During a visit to New York in 2006 for a United Nations summit, President Sassou-Nguesso ran up a hotel bill of £169,000 (Sh19.4 million). His delegation, which comprised several family members, occupied 44 rooms.

But if you thought Christel is extravagant, you probably have not heard of Little Teodoro, Mr Obiang’s cowboy son.

He claims to earn £30,000 (Sh3.5 million) a year, but he has bought a fleet of Lamborghinis, Ferraris and Bentleys most of them in Paris, where he lives in a luxury hotel. He is the proud owner of a $35 million (Sh2.7 billion) Malibu mansion, and his neighbours include Britney Spears and Mel Gibson.

Chief beneficiary

His father, Mr Obiang, is undoubtedly the chief beneficiary of the country’s oil wealth. Once-prestigious US bank, Riggs was fined $16 million (Sh1.2 billion) for accepting a $700 million (Sh53.2 billion) deposit from oil companies to Obiang’s private account.

If he wants to travel, he chooses any of his six personal planes, the most recent of which has a king-size bed and a bathroom with gold-plated taps.

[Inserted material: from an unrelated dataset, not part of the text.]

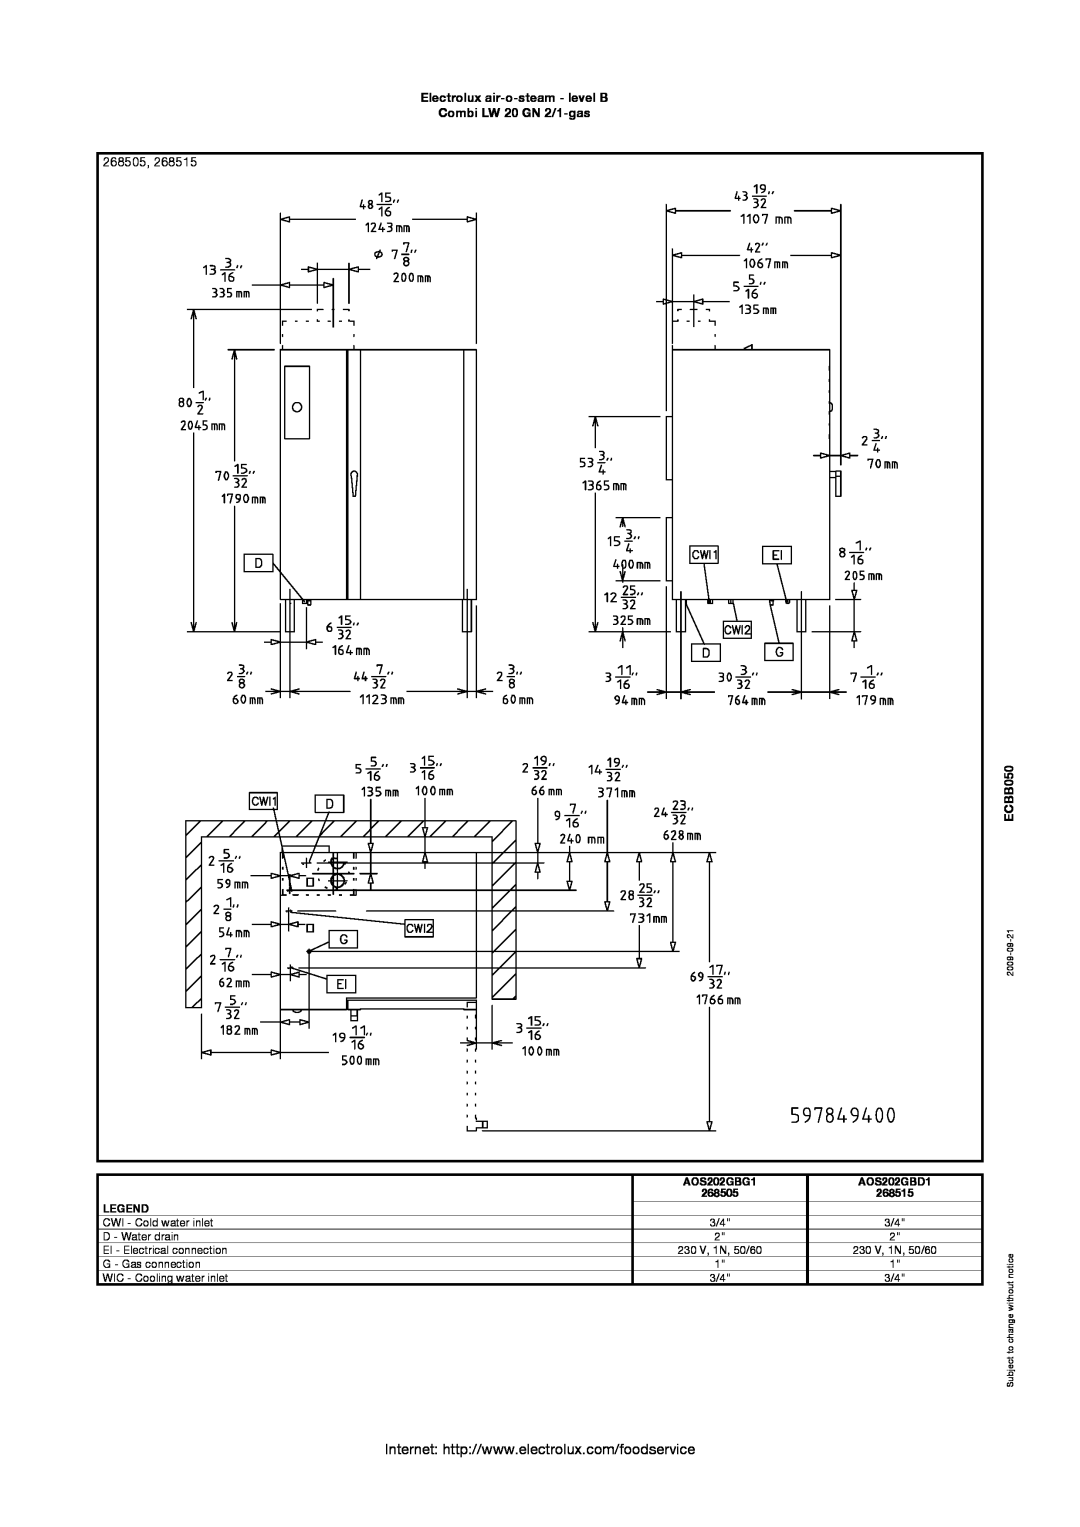 Electrolux AOS202GBD1 manual 268505, Electrolux air-o-steam - level B Combi LW 20 GN 2/1-gas, ECBB050, AOS202GBG1, 268515

France’s action, a radical shift in diplomatic policy, is likely to send a chilling a message to other African leaders keen to plunder their countries and invest the loot abroad.


Africa Watch said...

The tide is turning indeed. The French prosecutors should allow justice to take its course. Africans must rise up and defend justice. The impunity of these corrupt dictators has reach its peak. They must now face the music of their embezzlement and corrupt extravagant lifestyles.

Anonymous said...

This case is long over due. The French prosecutors should make sure not to temper with justice. If these tyrants are innocent let them prove it in court. simple.

Africa Watch said...

I am glad the this judge has been bold enough to defy the political establishment in France. The judge should travel to Africa and see things for himself.It may help him to decide on the case.